Stylometry, the study of linguistic style, makes extensive use of computational methods to describe the style of an author’s writing. With our corpus, it is possible to detect changes in writing style over the course of the 19th and 20th centuries. A more formal stylometric analysis would usually entail the application of part of speech codes or complex, dimensionality reduction algorithms such as principal component analysis to study patterns over time of across authors. For this tutorial we will stick to studying sentence length.

The corpus can be split into sentences using the tokenize_sentences function. In this case the result is a list with 236 items in it, each representing a specific document.

sentences <- tokenize_sentences(text)

Next, we want to split each of these sentences into words. The tokenize_words may be used, but not directly on the list object sentences. It would be possible to do this with a for loop again, but there is an easier way. The sapply function provides a more straightforward approach. Here, we want to apply the word tokenizer individually to each document, and so this function works perfectly.

sentence_words <- sapply(sentences, tokenize_words)

We now have a list (with each element representing a document) of lists (with each element representing the words in a given sentence). The output we need is a list object giving the length of each sentence in a given document. To do this, we now combine a for loop with the sapply function.

sentence_length <- list()
for (i in 1:nrow(metadata)) {
  sentence_length[[i]] <- sapply(sentence_words[[i]], length)
}

The output of sentence_length may be visualized over time. We first need to summarize all of the sentence lengths within a document to a single number. The median function, which finds the 50th percentile of its inputs, is a good choice for summarizing these as it will not be overly effected by a parsing error that may mistakenly create an artificially long sentence.⁷

sentence_length_median <- sapply(sentence_length, median)

We now plot this variable against the speech year using, once again, the qplot function.

qplot(metadata$year, sentence_length_median)

Median sentence length for each State of the Union Address.
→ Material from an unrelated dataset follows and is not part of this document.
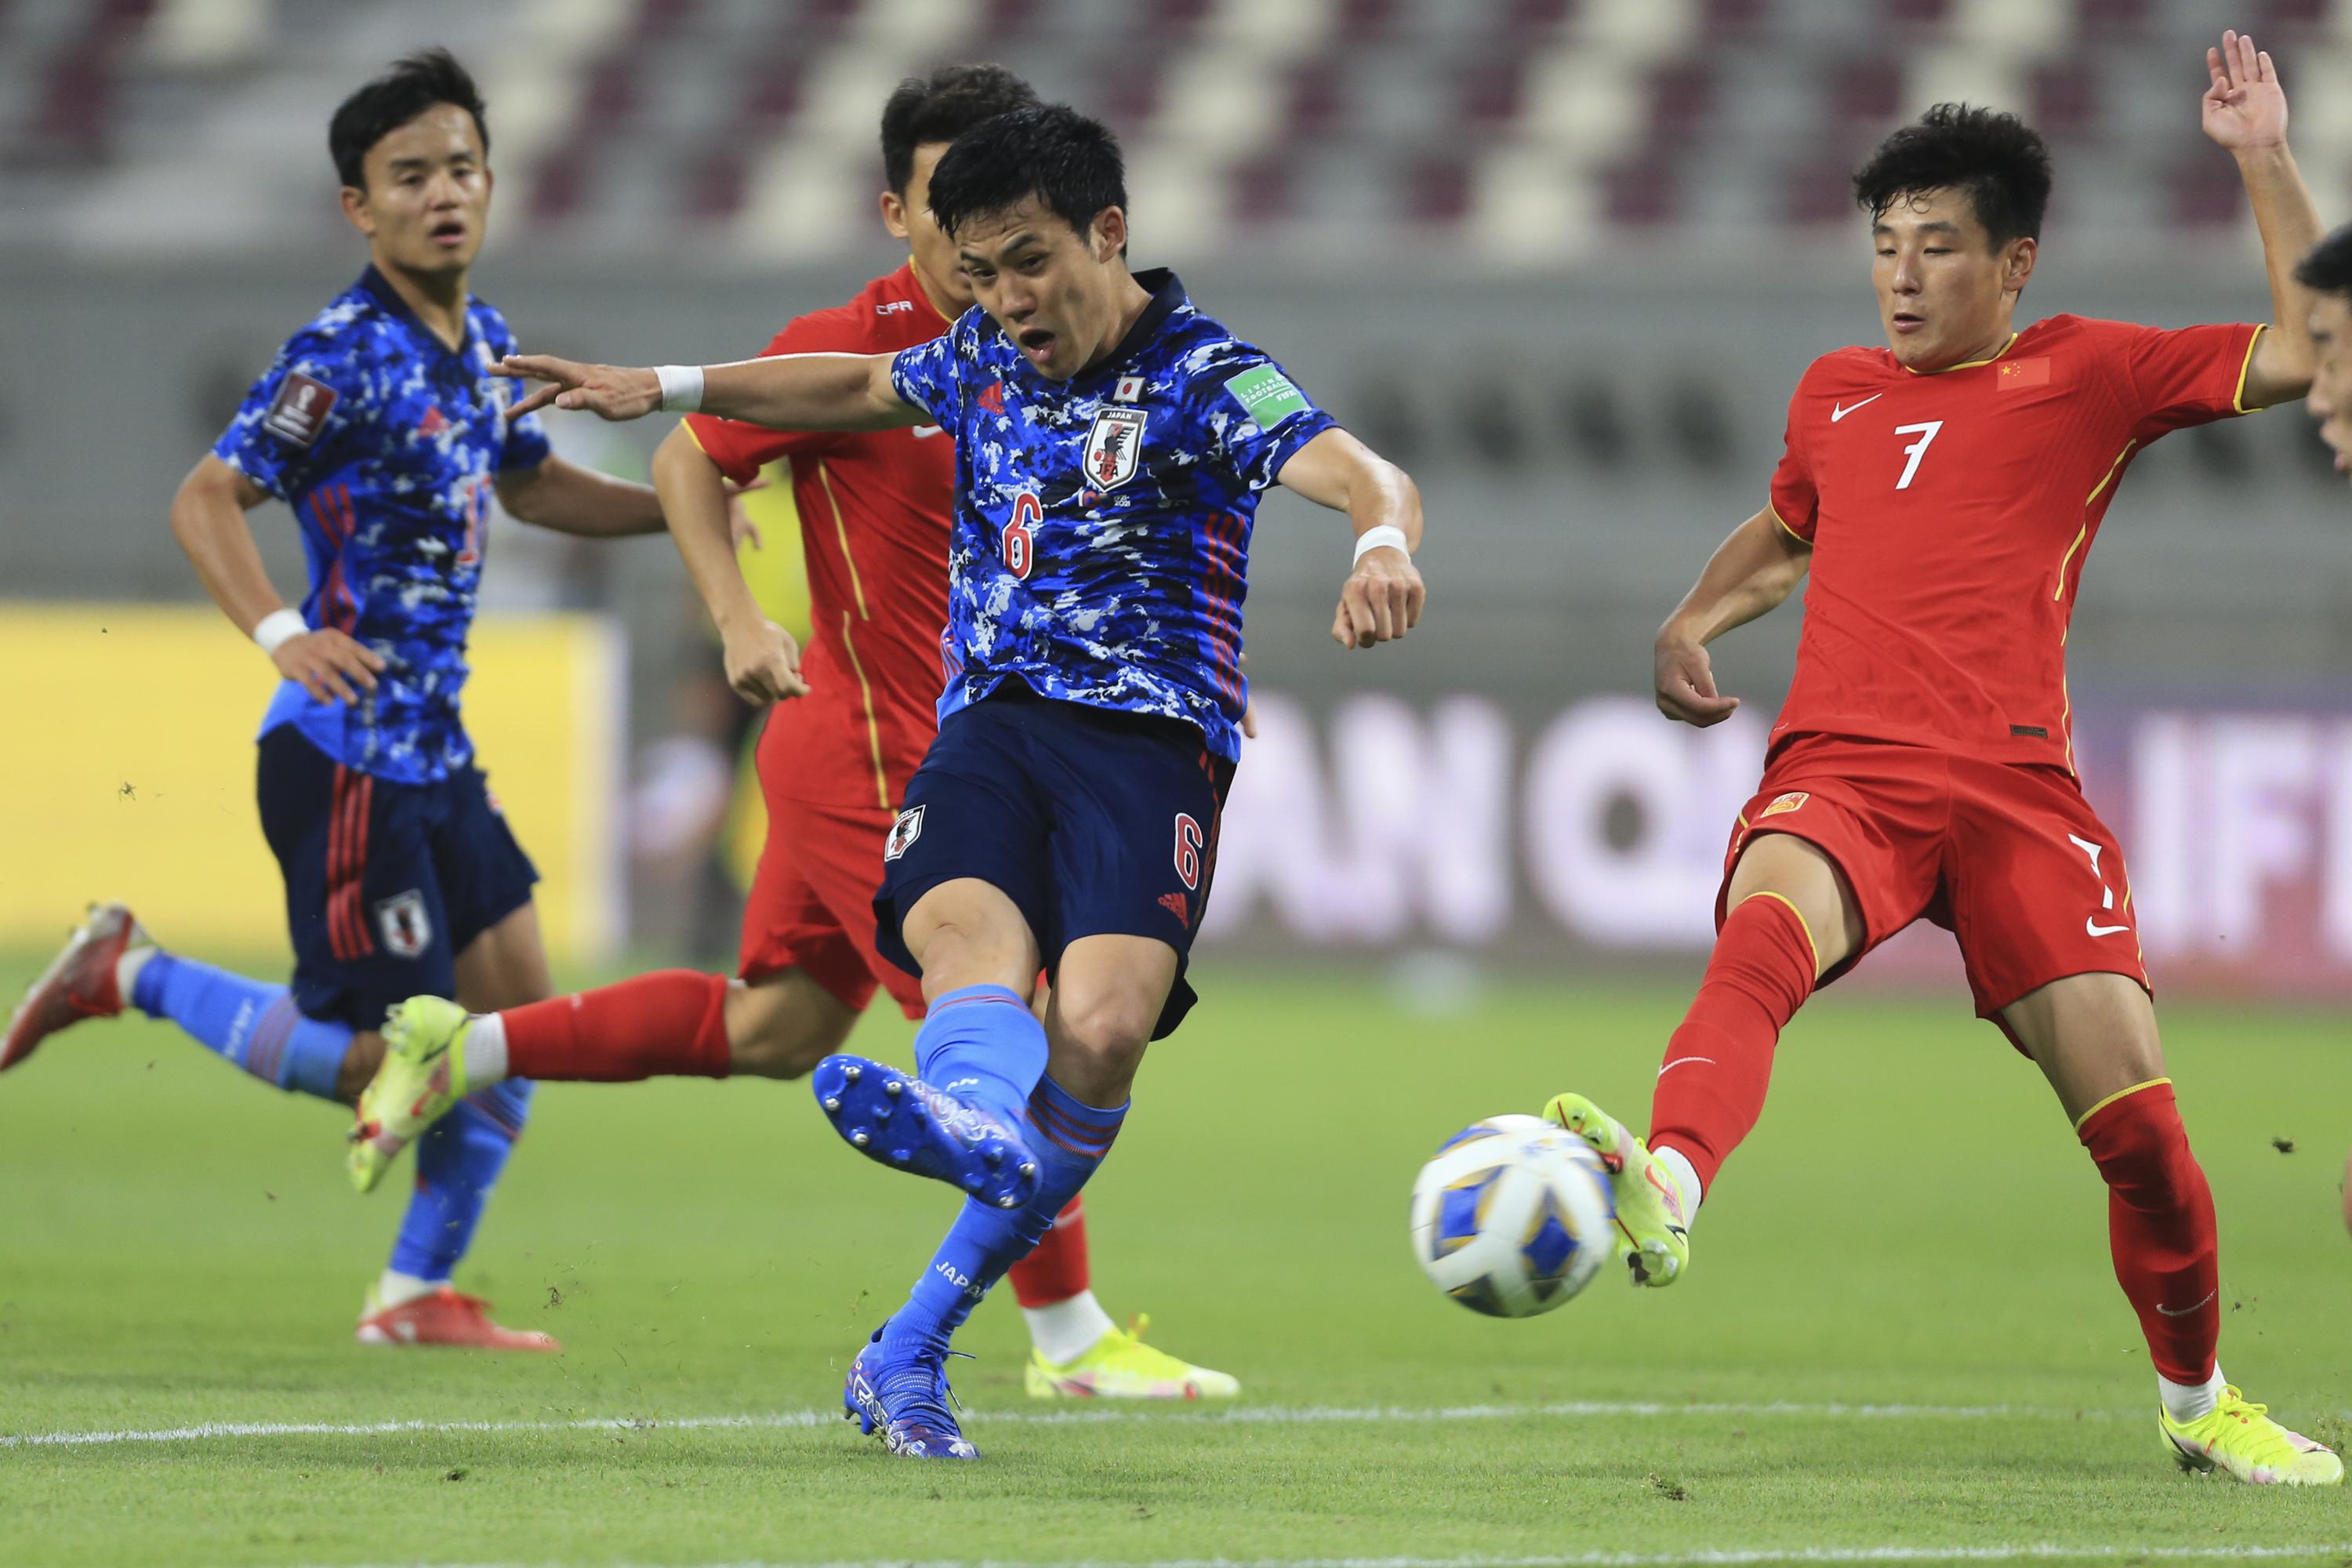 Australia South Korea Japan Complete 1 0 Wc Qualifier Wins Ap News

The plot shows a strong general trend in shorter sentences over the two centuries of our corpus. Recall that a few addresses in the later half of the 20th century were long, written addresses much like those of the 19th century. It is particularly interesting that these do not show up in terms of the median sentence length. This points out at least one way in which the State of the Union addresses have been changed and adapted over time.

To make the pattern even more explicit, it is possible to add a smoothing line over the plot with the function geom_smooth.

qplot(metadata$year, sentence_length_median) +
  geom_smooth()

Median sentence length for each State of the Union Address, with a smoothing line.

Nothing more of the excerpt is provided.